- **INPUT**
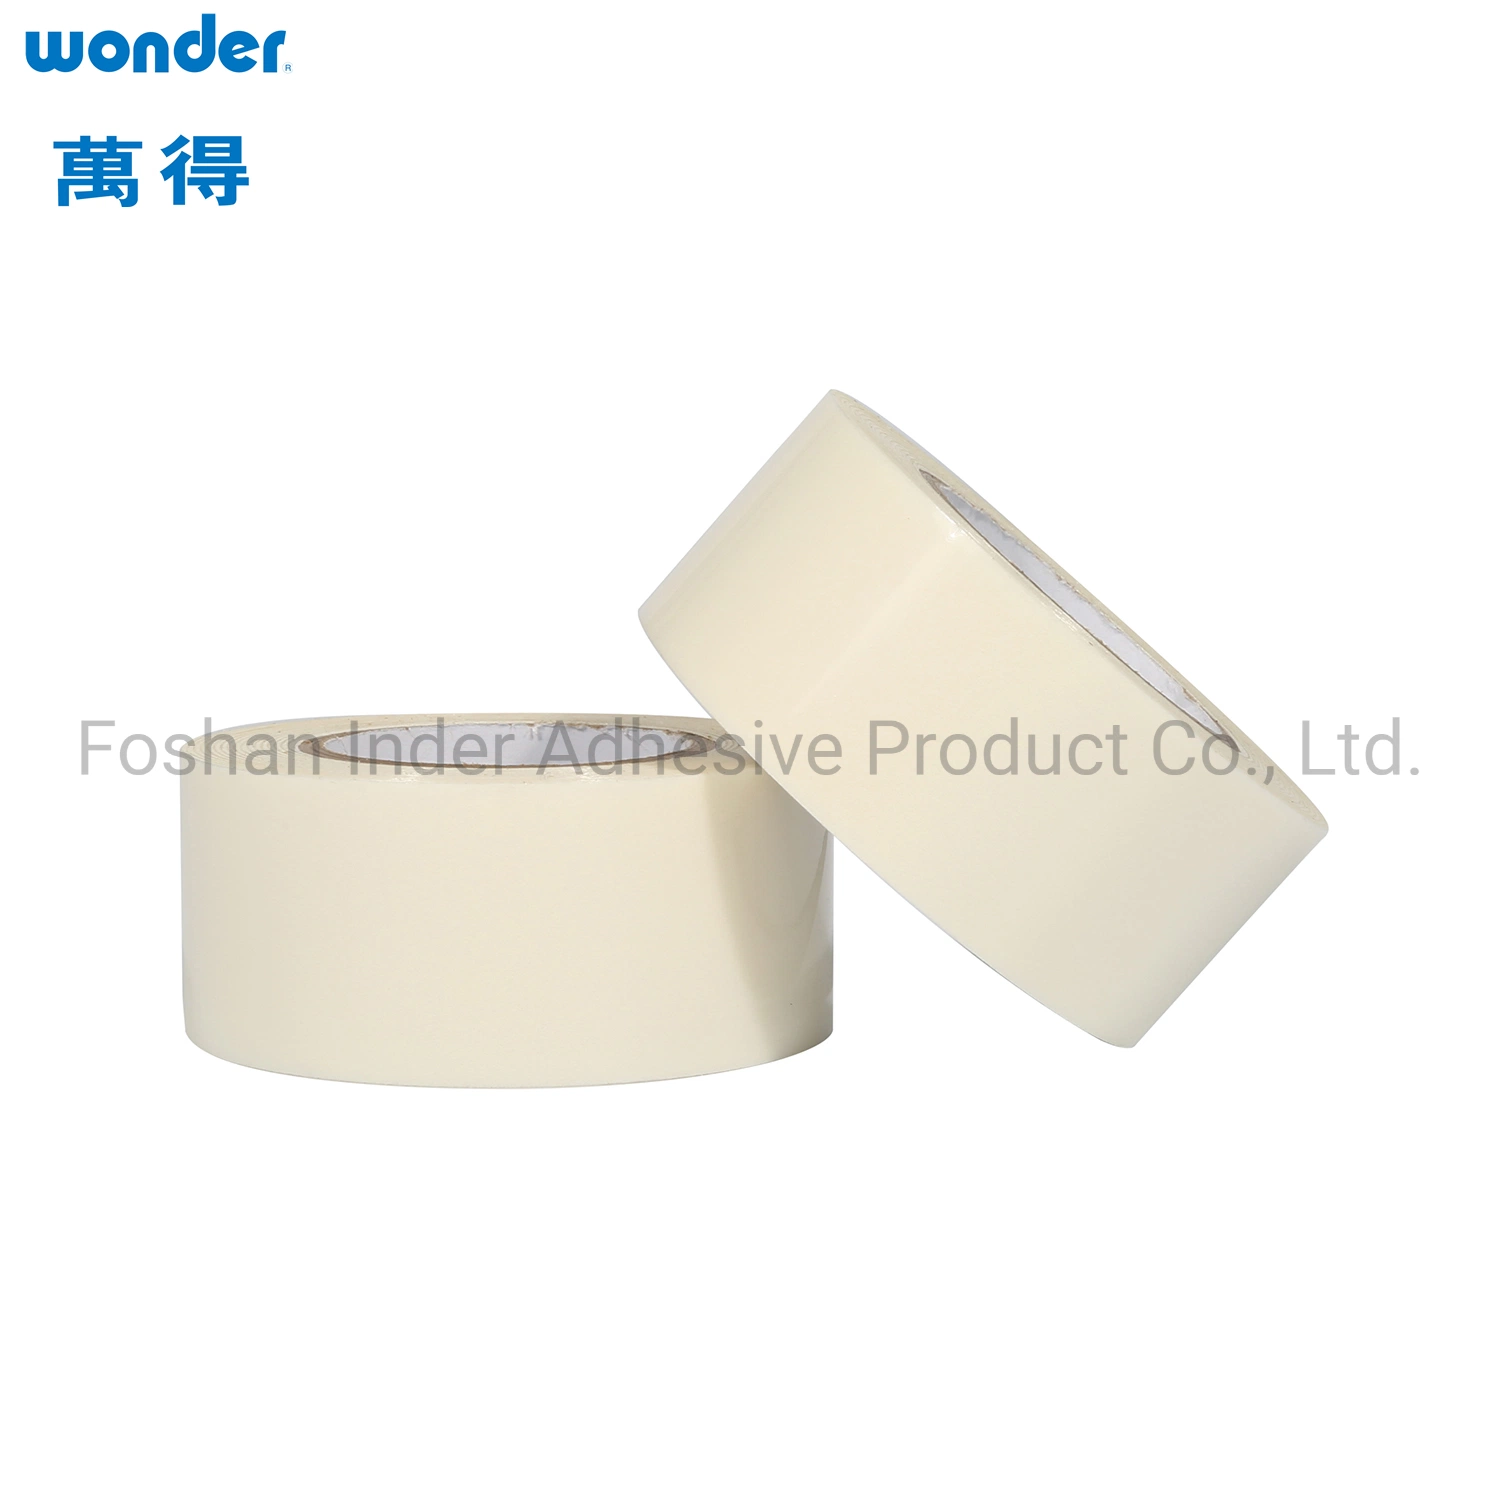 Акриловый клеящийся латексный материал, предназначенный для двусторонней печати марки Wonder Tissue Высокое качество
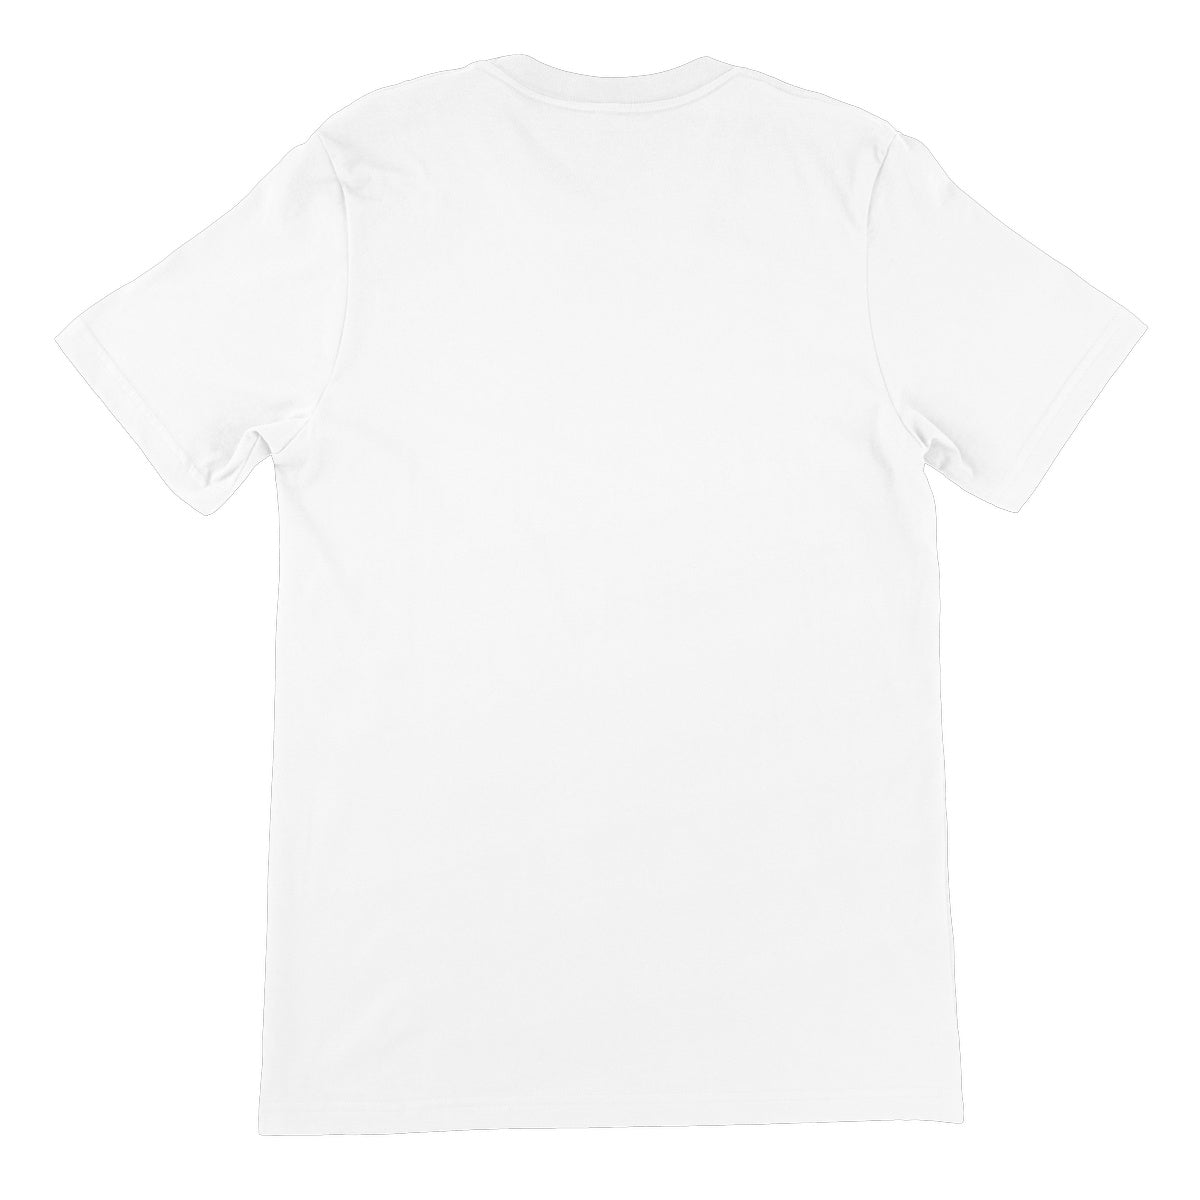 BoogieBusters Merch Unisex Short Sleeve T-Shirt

--

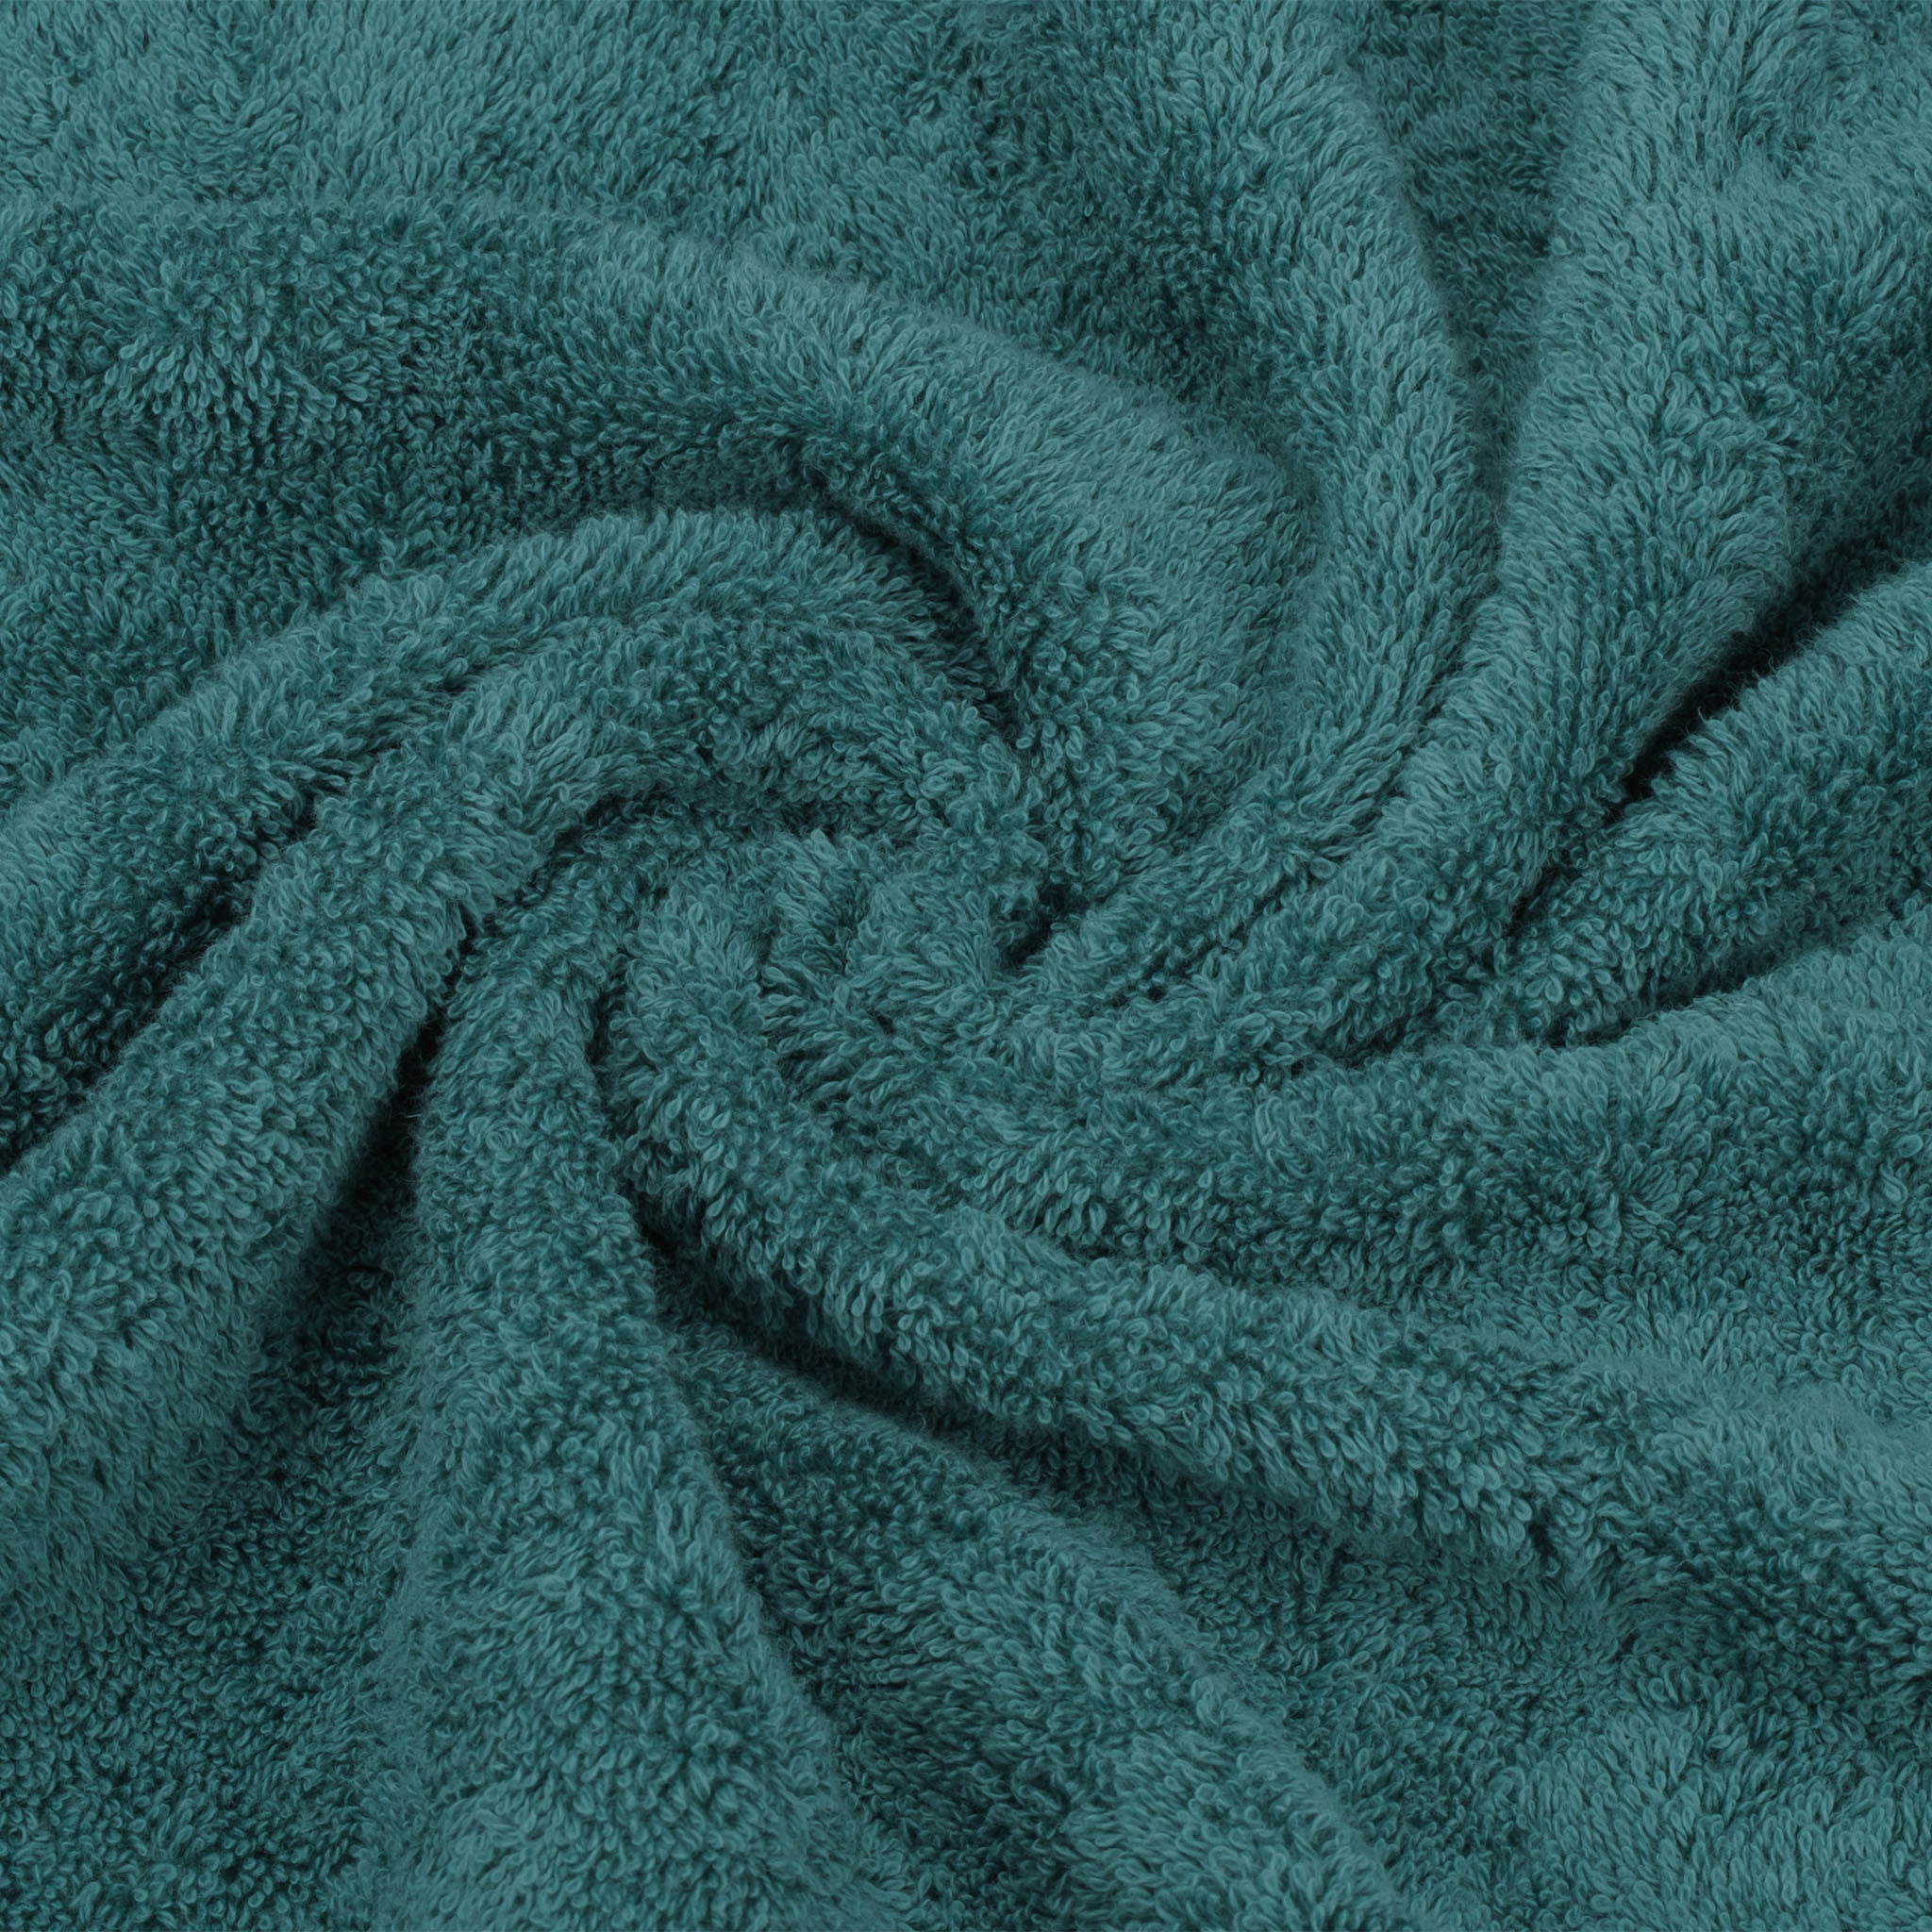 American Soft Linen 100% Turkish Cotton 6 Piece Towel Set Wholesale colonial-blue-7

...

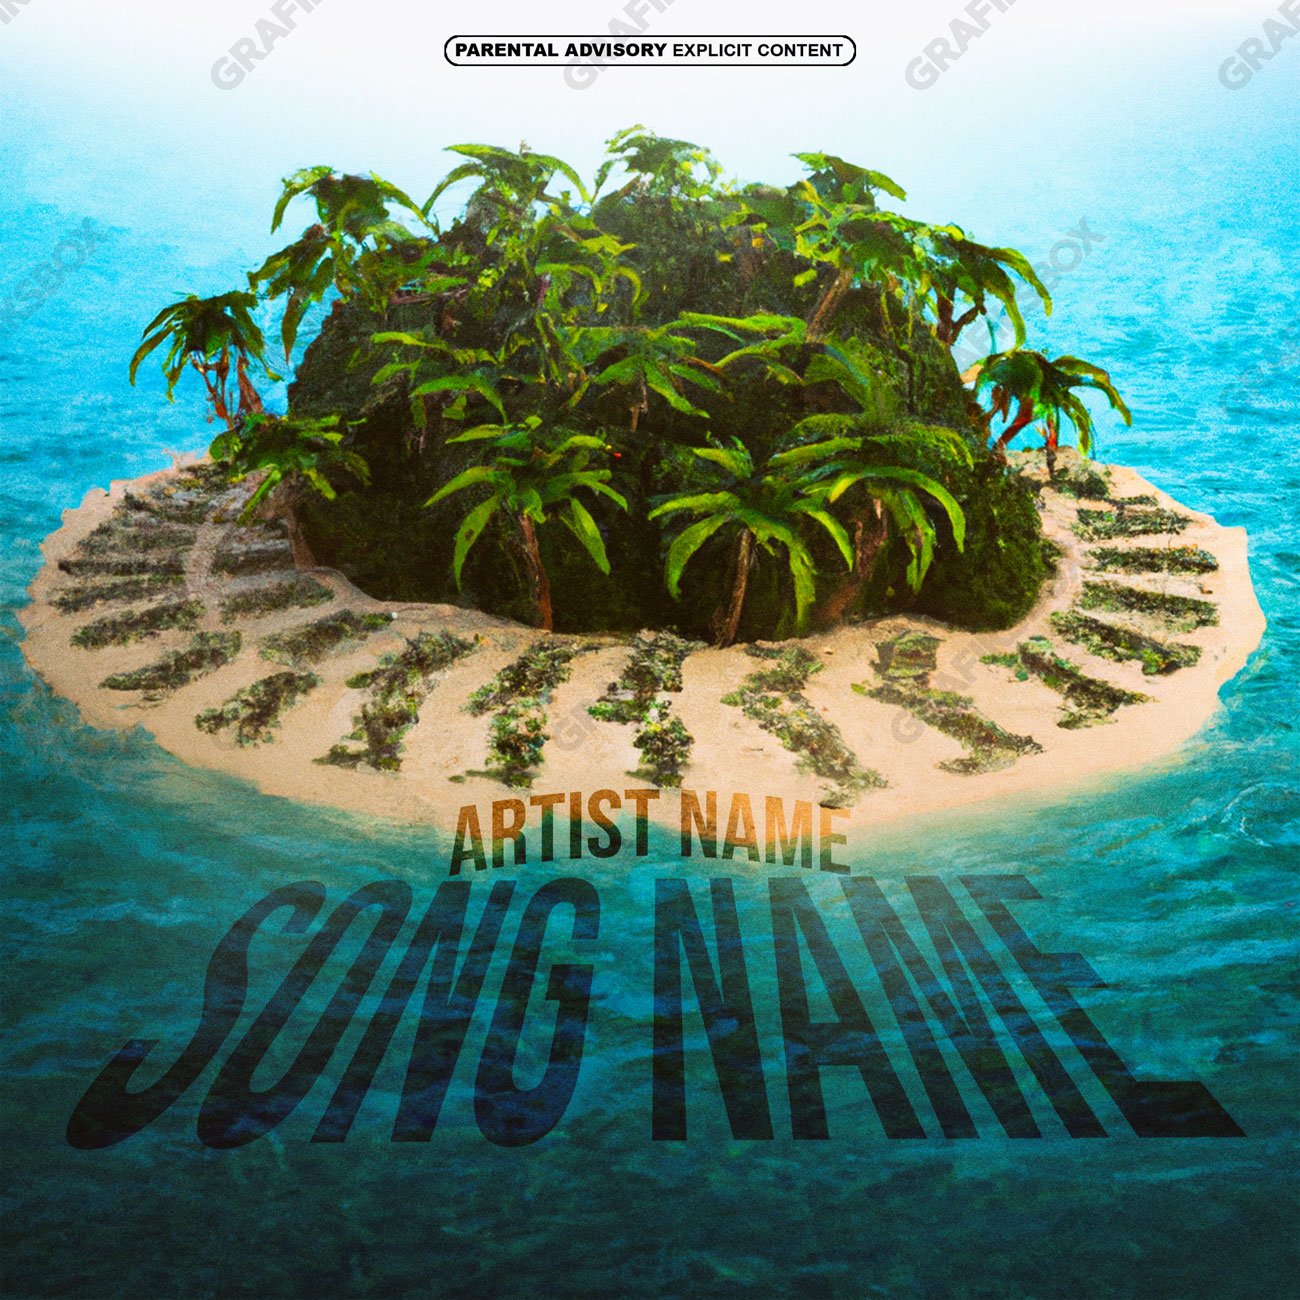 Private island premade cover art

- **ABOUT THIS EXERCISE**
Working from the records above, set down word for word everything from the line containing "Акриловый клеящийся латексный" down to the line containing "BoogieBusters Merch Unisex", ends included, minus the pictures.

- **ANSWER TO THIS TASK**
 Акриловый клеящийся латексный материал, предназначенный для двусторонней печати марки Wonder Tissue Высокое качество
 BoogieBusters Merch Unisex Short Sleeve T-Shirt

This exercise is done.